[R] Survfit when new data has only 1 row of data

Tue Nov 7 16:22:38 CET 2017

Dear R-help,

I am using R version 3.4.0 within Windows, and survival 2.41-3.  I have fit a Prentice Williams and Peterson-Counting Process model to my data as shown below.  This is basically an extension of the Cox model for interval censored data.  My dataset, bdat5 can be found here: https://drive.google.com/open?id=1sQSBEe1uBzh_gYbcj4P5Kuephvalc3gh 

cfitcp2 <- coxph(Surv(start,stop,status)~sex+rels+factor(treat)+log(age)+log(tcrate3+0.01)+cluster(trialno)+strata(enum),data=bdat5,model=TRUE,x=TRUE,y=TRUE)

I would now like to use the model to predict the probability of zero events by two years - this is equivalent to the survival probability at 2 years I believe.  This is so that I can compare the output to similar estimates obtained from negative binomial, and zero-inflated negative binomial models for the same data (albeit in a different format)

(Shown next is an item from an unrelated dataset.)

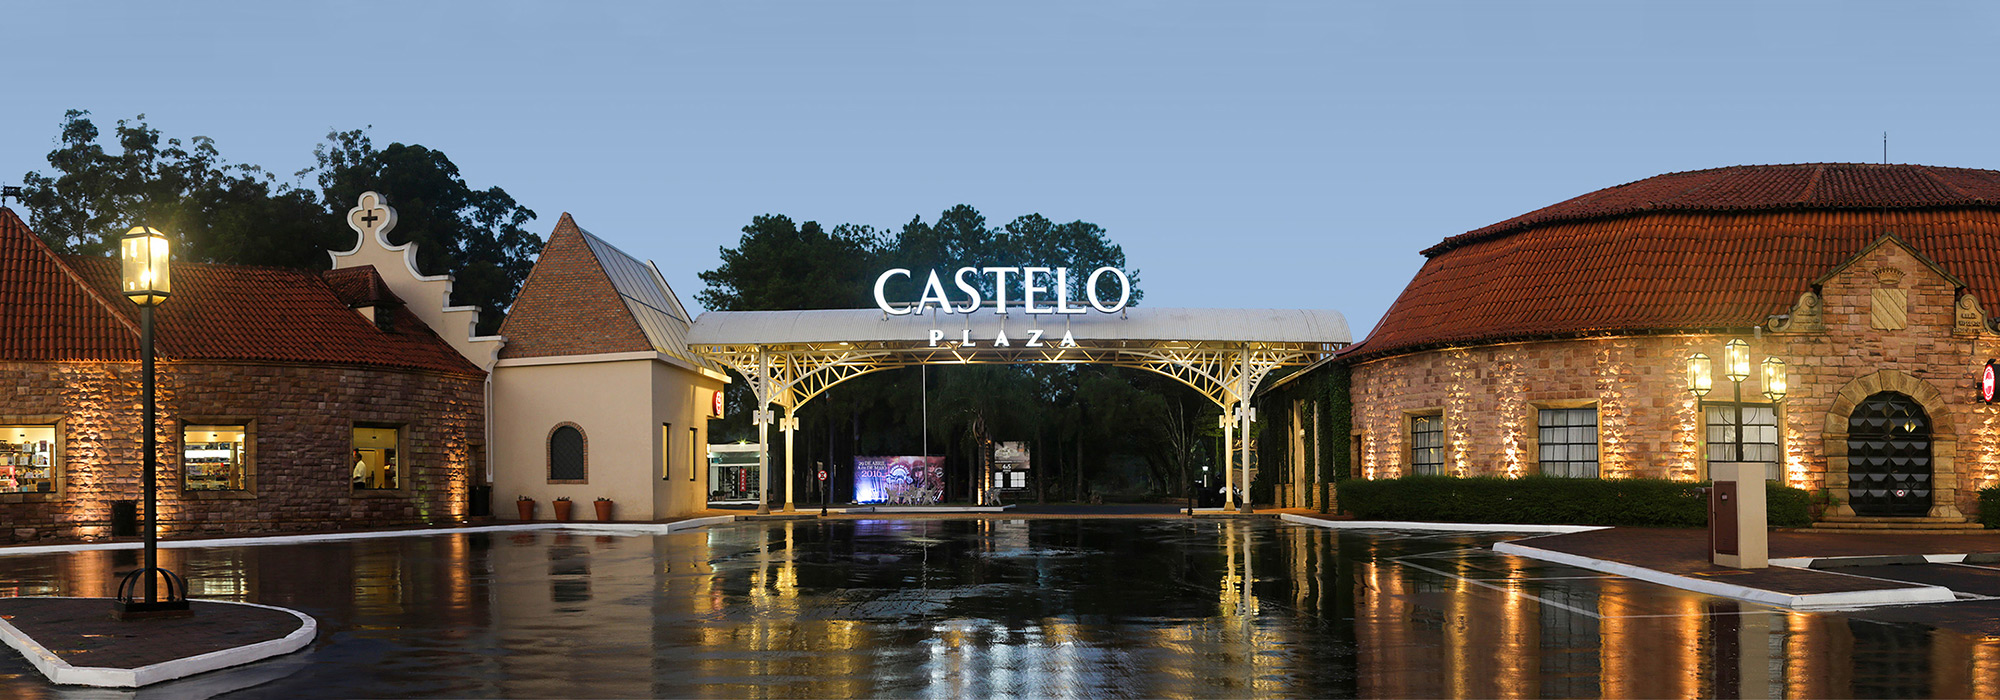 Bem-vindo ao Castelo Plaza

To my mind, and based on what I've read, the best way to do this is to use survfit.  I want to make predictions for each individual, therefore, I have tried this code:

trialnos <- unique(bdat5$trialno) 
prob0 <- function(ids,dataset,model,time){
		probs <- rep(0,length(ids))
		for(i in 1:length(ids)){
		print(i)
		sdata <- subset(dataset,trialno==ids[i])
		sfit <- survfit(model,newdata=sdata)
		probs[i] <-sum(summary(sfit,time)$surv)
		}
		return(probs)
		}
prob0ests <- prob0(trialnos,bdat5,cfitcp2,730)

When I do this for the first three trial numbers I get:
0.3001021 2993.4531767    0.3445589

The unusually large "probability" arises when there is only 1 row of data for the relevant trial number.  Can anyone therefore explain why there is a problem when "sdata" is only 1 row, and ideally provide a solution?

Many thanks,
Laura

Dr Laura Bonnett
NIHR Post-Doctoral Fellow

Department of Biostatistics,
Waterhouse Building, Block F,
1-5 Brownlow Street,
University of Liverpool,
Liverpool,
L69 3GL

0151 795 9686
L.J.Bonnett at liverpool.ac.uk